Also the registry operator CI configuration should be fixed to use the same dockerfile that ART is using, and the other dockerfile should be deleted, so we do not run into this situation again.
Could upgrade co image-registry from 4.1.11 to 4.2.0-0.nightly-2019-08-13-061659 without error. Could upgrade co image-registry from 4.2.0-0.nightly-2019-08-08-103722 to 4.2.0-0.nightly-2019-08-13-061659 without error.

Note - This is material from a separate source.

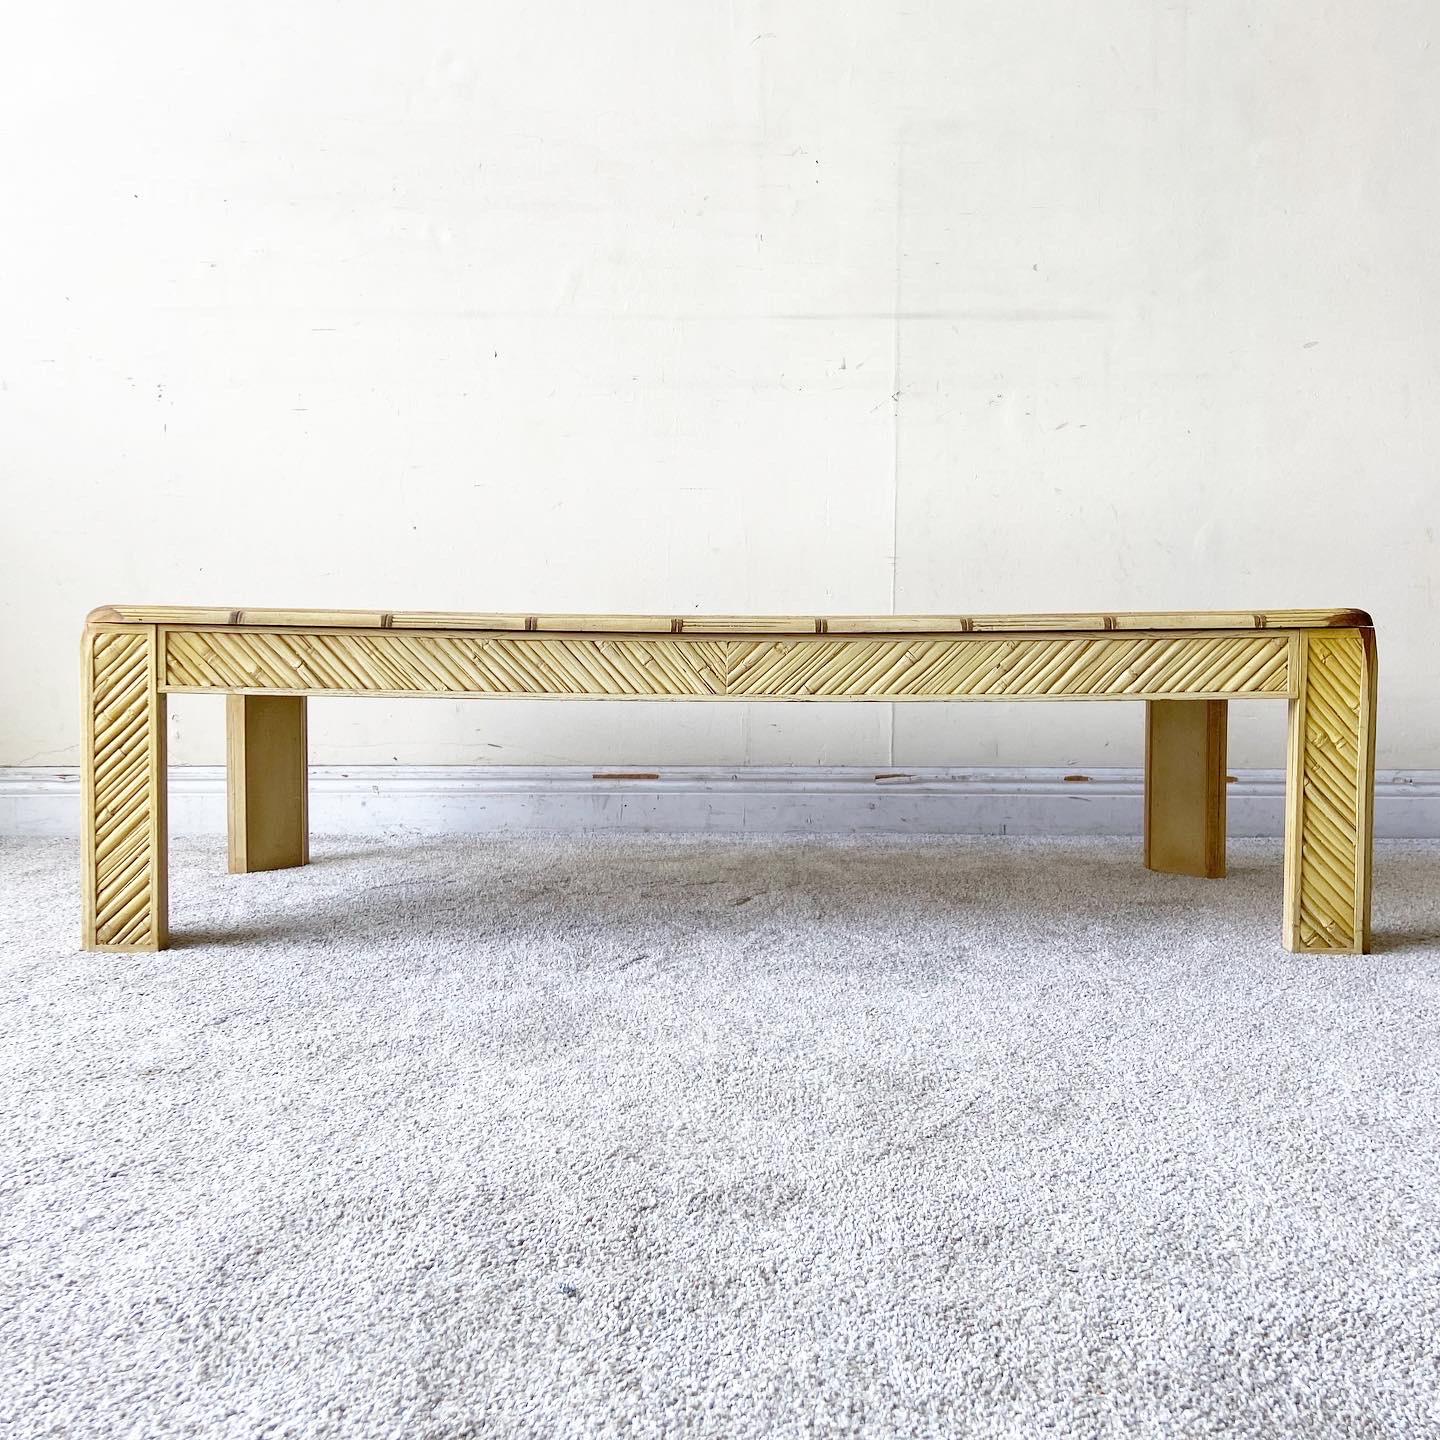 Amazing vintage palm beach boho chic rectangular coffee table. Features a glass top with a faux bamboo frame with distressed edges.

Could install a fresh cluster with 4.2.0-0.nightly-2019-08-13-061659 payload without error for co image-registry. $oc get pods -n openshift-image-registry NAME READY STATUS RESTARTS AGE cluster-image-registry-operator-65f9589bf5-tmqcw 2/2 Running 0 6m3s $ oc logs -f cluster-image-registry-operator-65f9589bf5-tmqcw -n openshift-image-registry -c cluster-image-registry-operator-watch I0813 08:57:11.399444 1 cmd.go:296] Waiting for process "cluster-image-registry-operator" PID ... I0813 08:57:11.400425 1 cmd.go:303] Watching for changes in: ([]string) (len=1 cap=1) { (string) (len=61) "/proc/1/root/etc/pki/ca-trust/extracted/pem/tls-ca-bundle.pem" } I0813 08:57:11.412450 1 observer_polling.go:106] Starting file observer
XiuJuan, looks like you cleared "Target Release"? We expect this fix to go out in 4.2.0, right? Am I just missing something about our Bugzilla process?
Hmmm, I think it is a mistake to clear 4.2.0 "Target Release". This bug need release out in 4.2.0. Thanks for fixing it.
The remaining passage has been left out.